Exploring and exploiting bacterial protein glycosylation systems
|PhD ceremony:||Ms L. (Liubov) Yakovlieva|
|When:||July 06, 2021|
|Supervisors:||prof. dr. M.T.C. (Marthe) Walvoort, prof. dr. ir. A.J. (Adriaan J) Minnaard|
|Where:||Academy building RUG|
Sugars are fascinating and highly diverse molecules with a myriad of roles in all living cells. Importantly, bacteria often utilize sugars in their infection strategies. They are found on the surface of bacterial cells as parts of the larger structures responsible for movement, protection, adhesion, camouflage and interactions with the host immune system. In addition, sugars also decorate the biomolecules inside the cell, influencing their properties and functions, keeping the bacterial cell running.

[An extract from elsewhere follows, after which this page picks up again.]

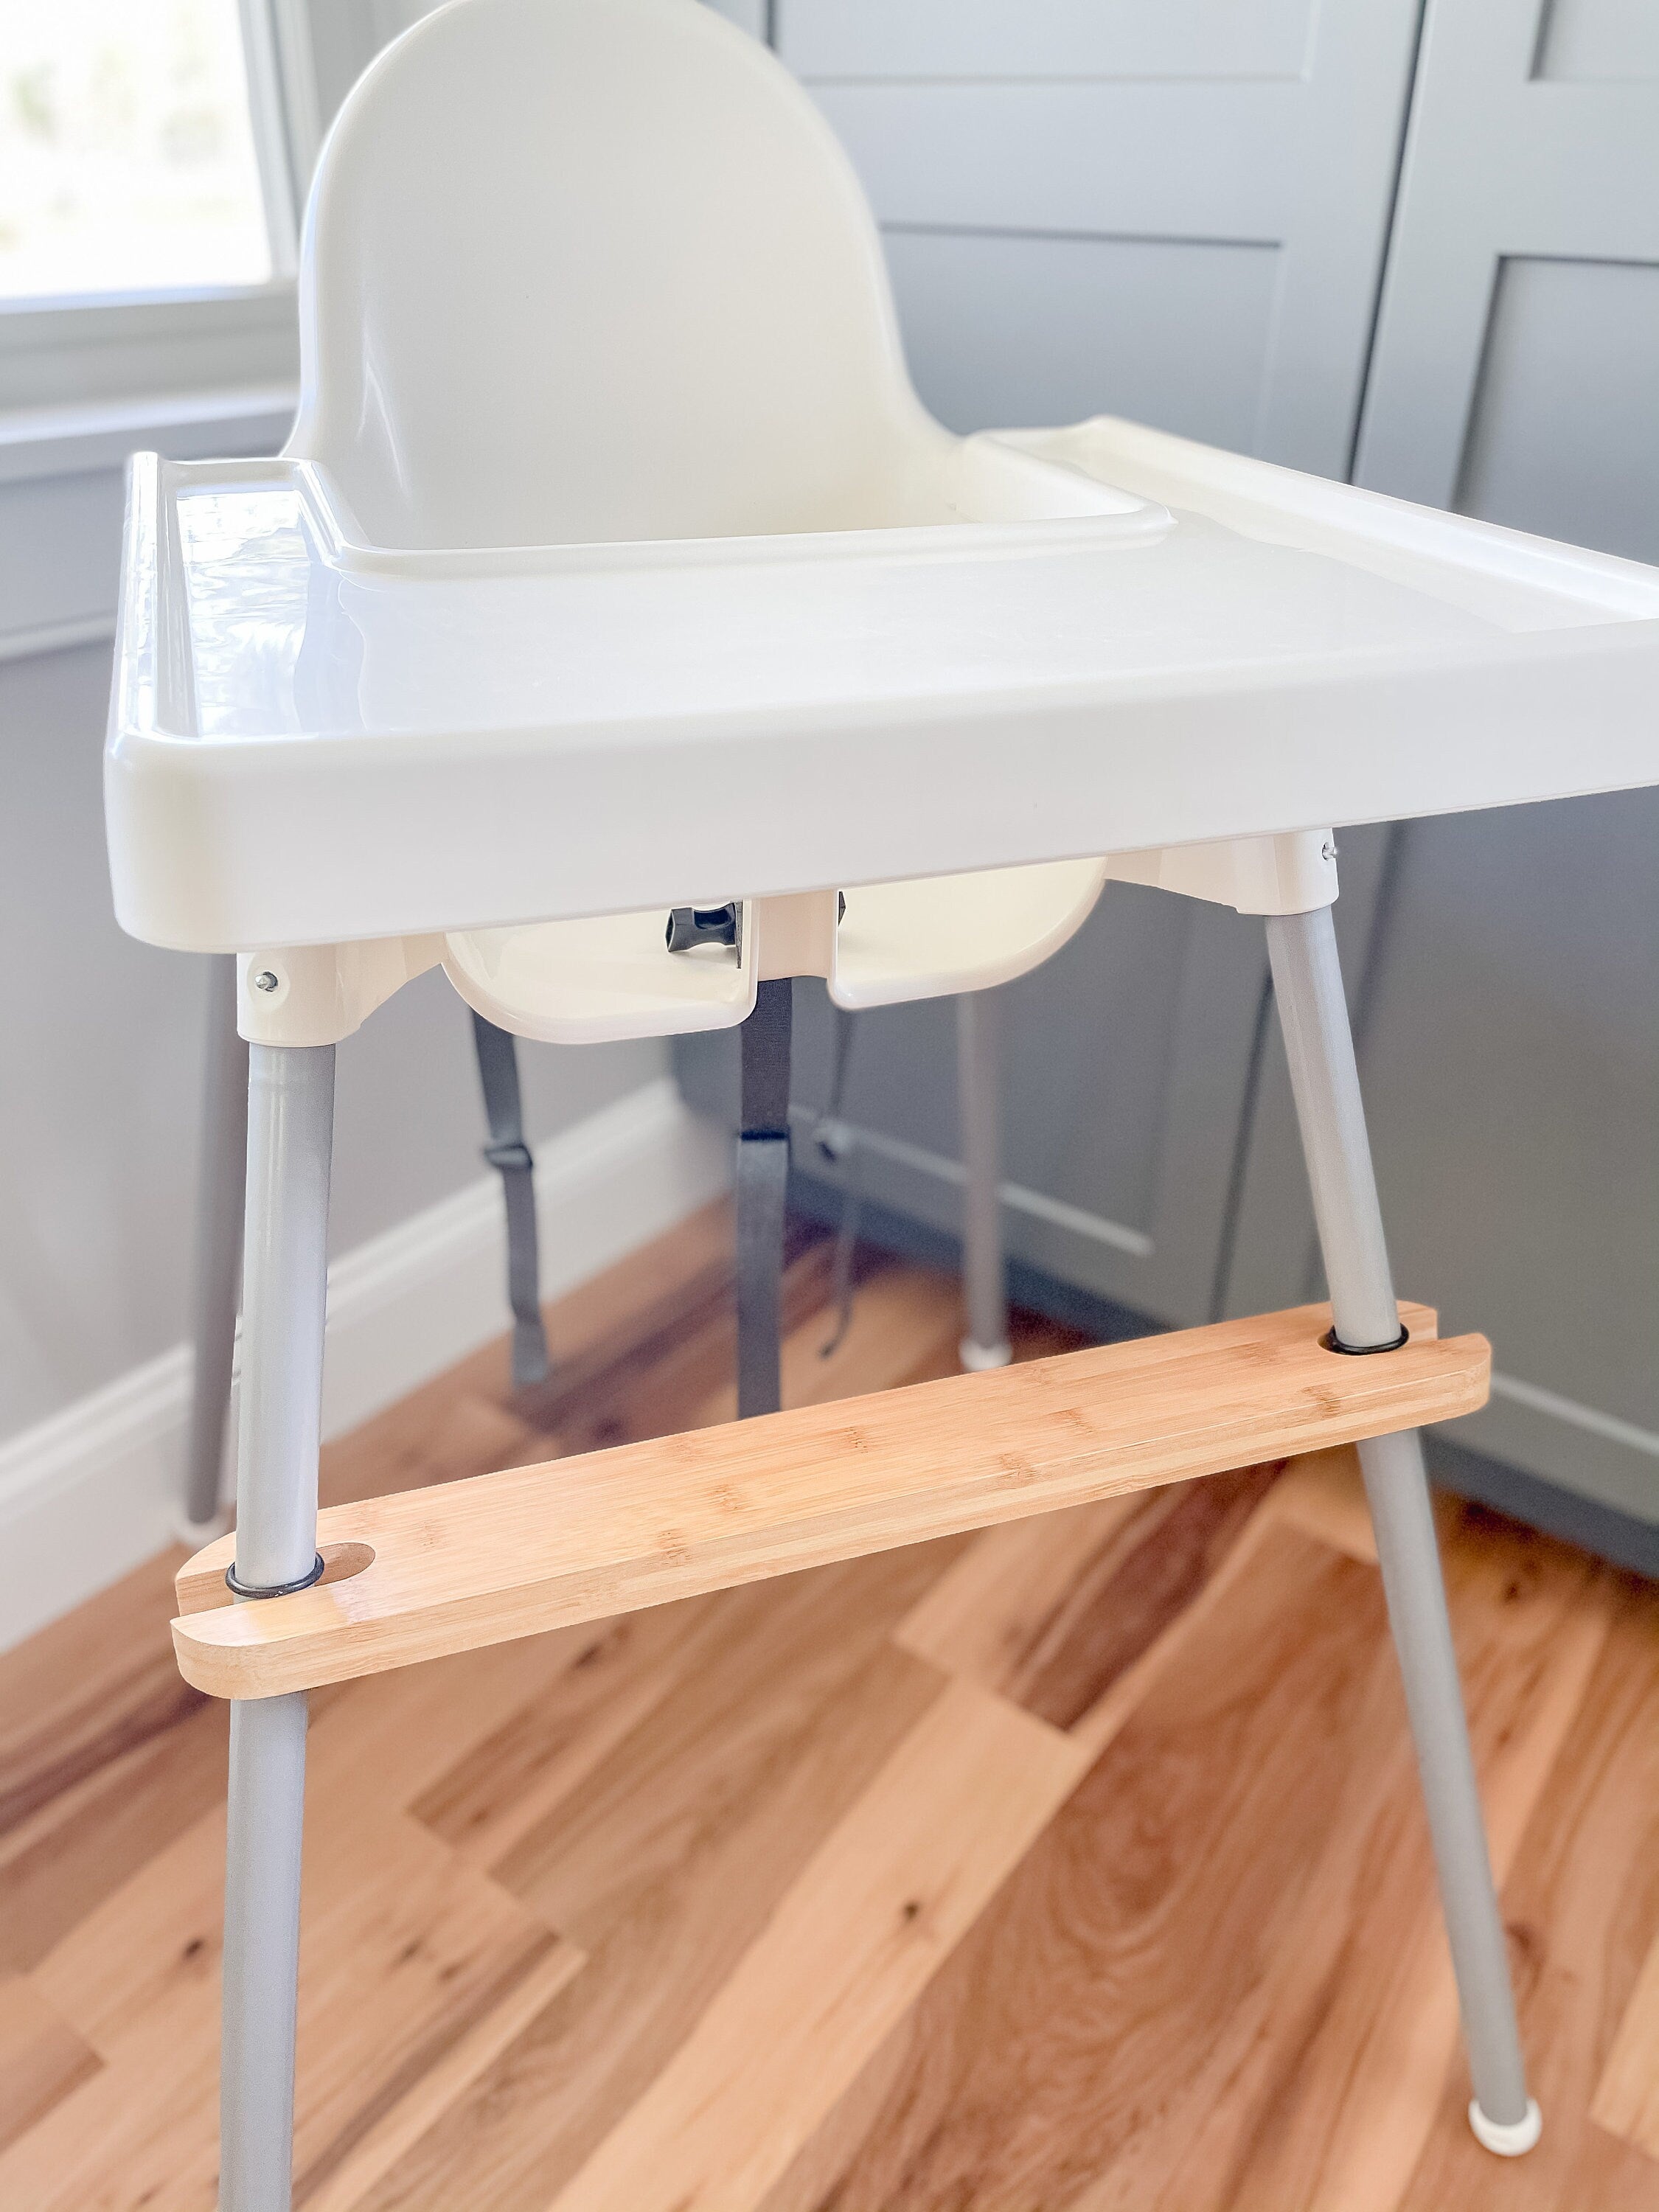 IKEA High Chair Foot Rest - Wood, Perfect for weaning

Interestingly, bacterial sugars are frequently distinctly different from human, which means that we can potentially target infectious bacteria using these sugars without damaging our own systems. In the projects described in this thesis, the production systems of important sugar structures from infectious bacteria were investigated and their mechanism studied in detail. For example, in one project, it was elucidated how surface adhesion molecules are decorated with multiple sugars and how to manipulate this process. In another project, it was uncovered why only specific proteins are decorated with a rare bacterial sugar.
With these findings, our understanding of bacterial sugar systems and their roles in infection was expanded. Additionally, by uncovering parts of the mechanism, useful knowledge was gained for developing molecules that can efficiently and selectively block these processes.